What potential changes should community oncologists keep an eye on that might affect their business?
So biosimilars are coming out. In fact, the first biosimilar in a core therapeutic just got approved and it’s Avastin. And before this we’ve only seen biosimilars in supportive care. It’s easier for an oncologist to make the jump of, ‘Hey, it’s not core chemo, I’m going to be using a biosimilar as a supportive care, and using a, let’s say, Zarxio instead of a Neupogen,’ but now they’ve got to make that same jump from a core chemotherapy drug like Avastin, which is a monoclonal antibody, it’s a lot more difficult to recreate. But the argument, on the biosimilar front, it’s going to be interesting to see how this all pans out. What is Amgen going to do around contracting with the oncology practices, trying to create differential against the incumbent, which is Genentech. It’s going to be really interesting to see what happens.
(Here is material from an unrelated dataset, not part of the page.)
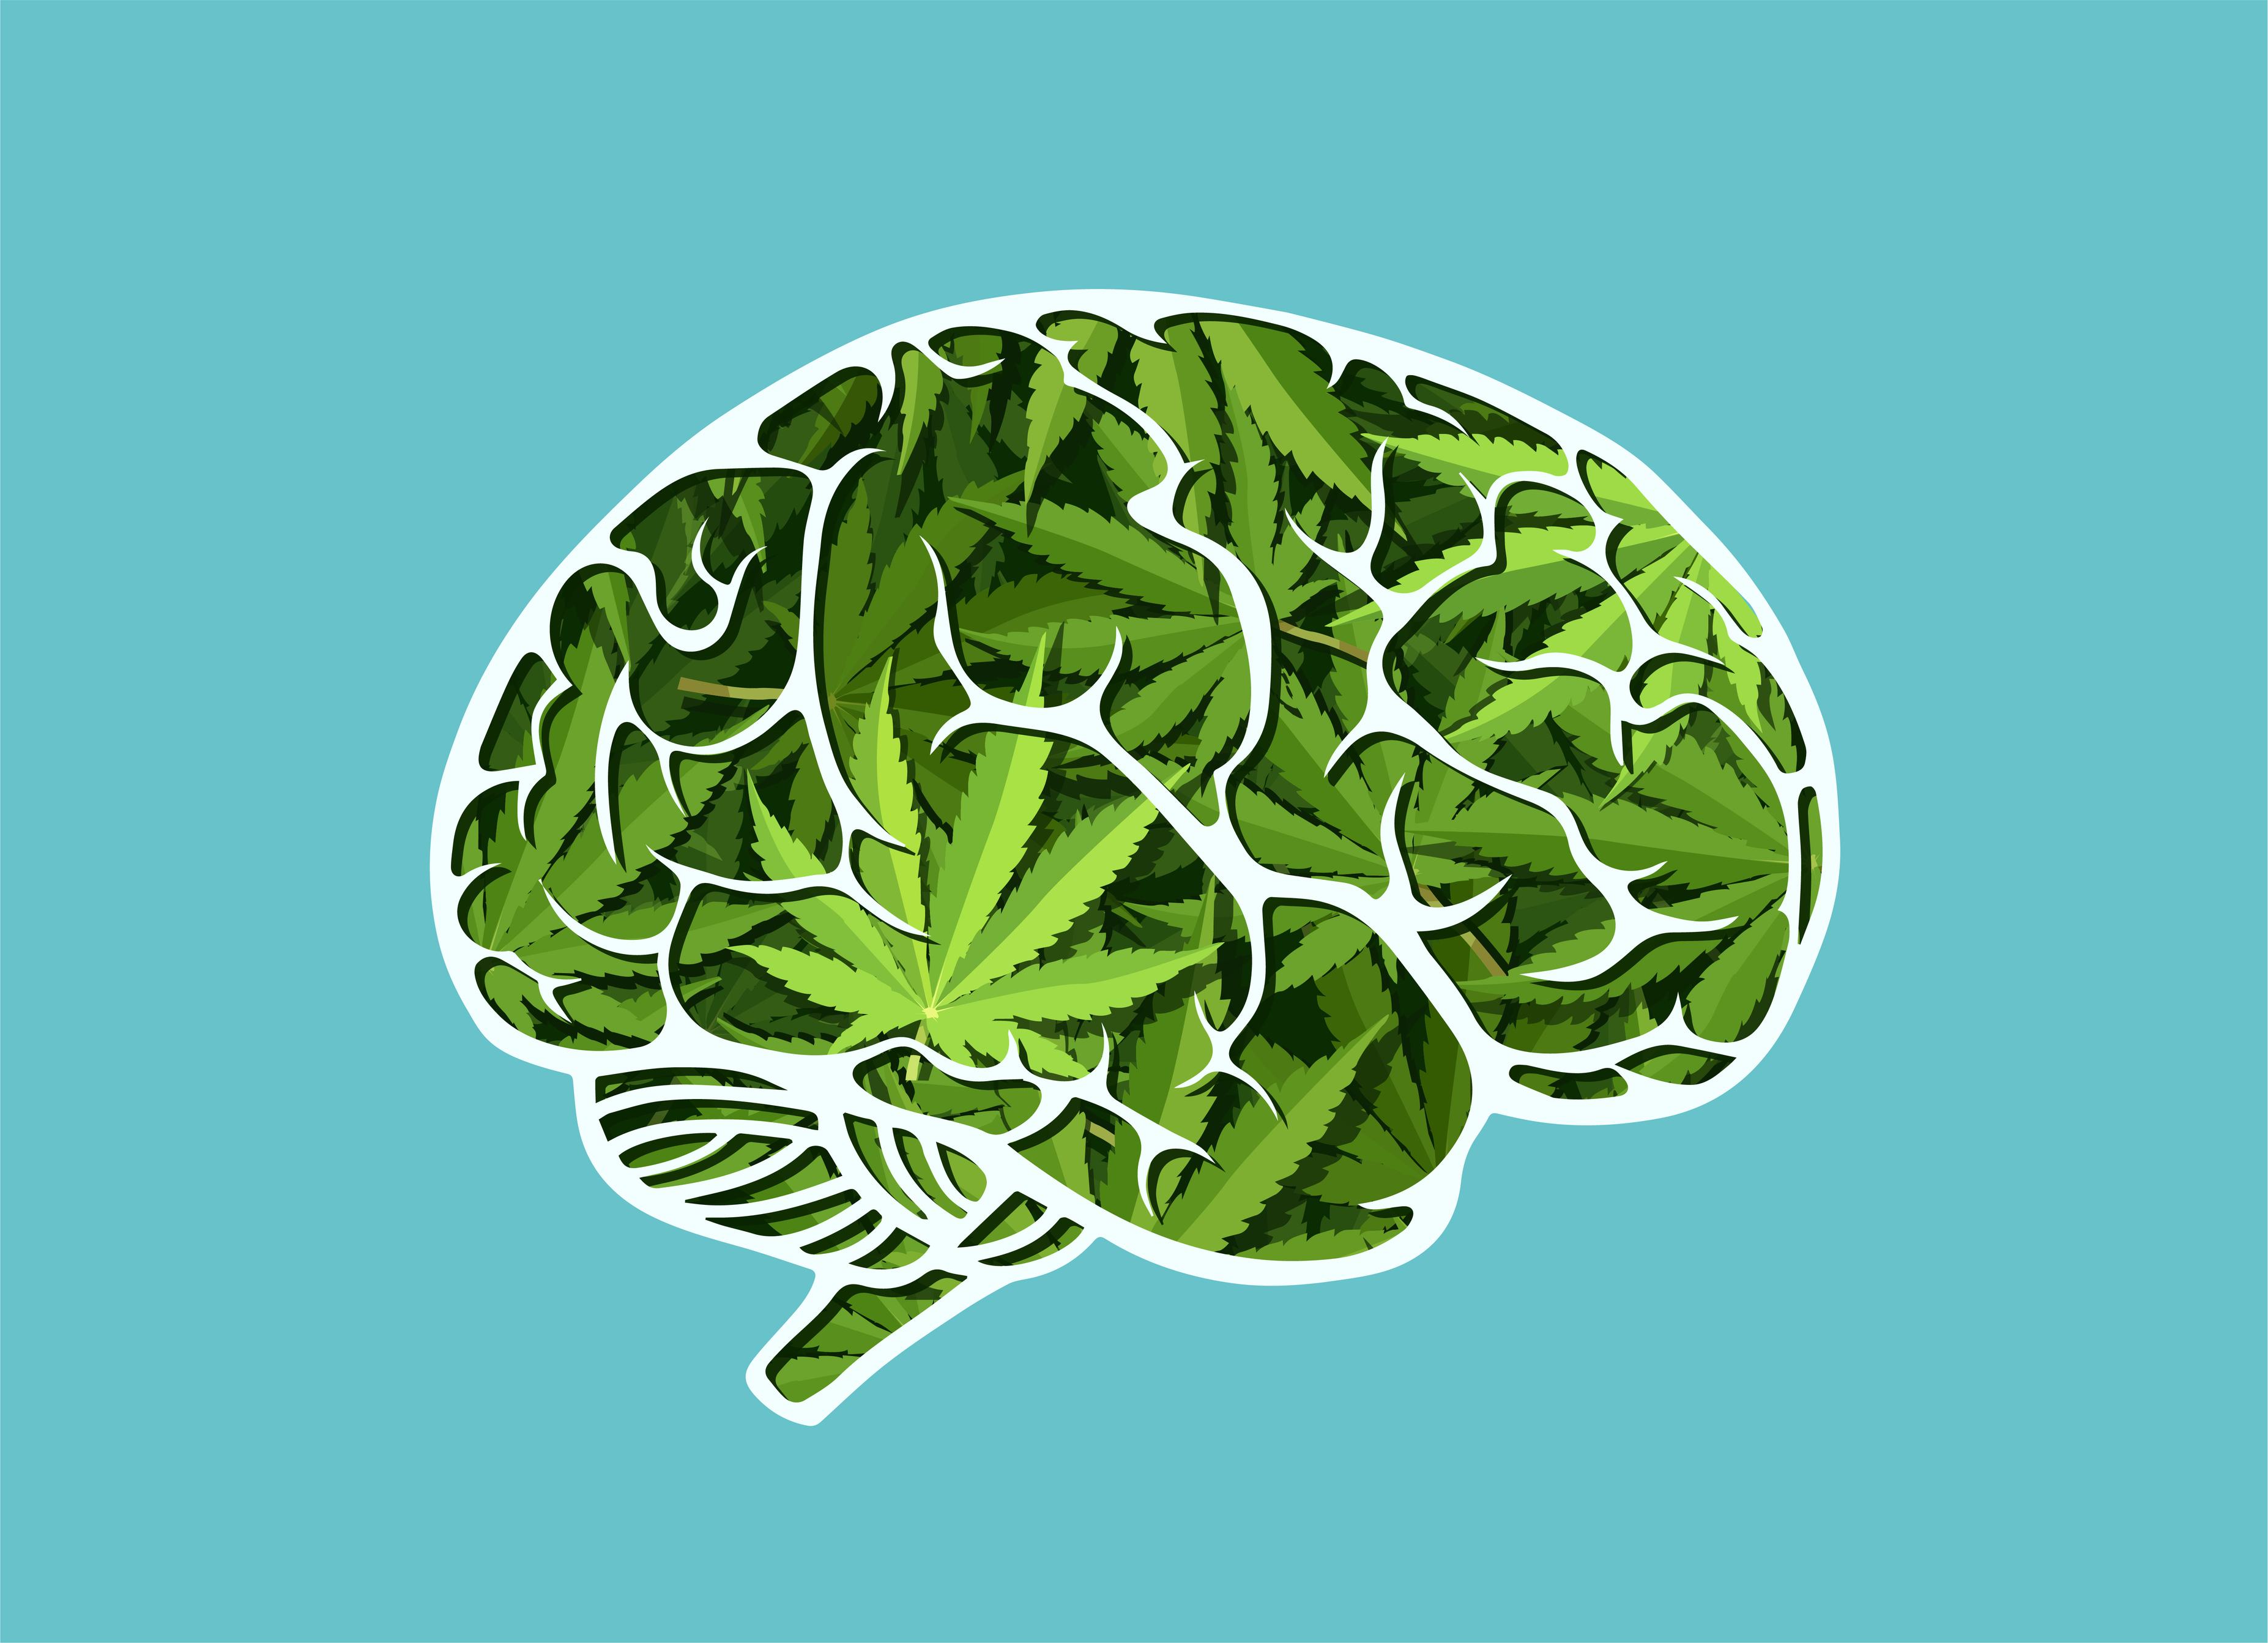 Inside the Endocannabinoid System: UC-Irvine Professor Speaks on “The Brain’s Own Cannabis”

There’s a public policy decision that the comment period, unfortunately, already ended, but they’re trying to link the j-code associated with all the biosimilars. So, biosimilar Teva will have the same j-code as biosimilar Dr. Reddy, which will have the same as the biosimilar that Amgen makes. The issue with that is it’s going to lead to ASP [average sales price] dropping faster and from an economic standpoint, you won’t have the financial benefit anymore. Maybe that’s ok in a value-based care world, I just don’t think we’re there yet, and the government should understand as long as fee-for-service still exists and the core reimbursement mechanism of ASP still exists, they shouldn’t just delink and learn from biosimilars. They should treat it like the generic it’s probably closer to, like the European Union does, and then let community oncology unfold and understand the economics from that perspective.
I know the American Medical Association is already wrote a letter against this; pharma has commented on it as well. But it will be interesting to see; legislation like that around key things that affect the business need to be understood by community oncology.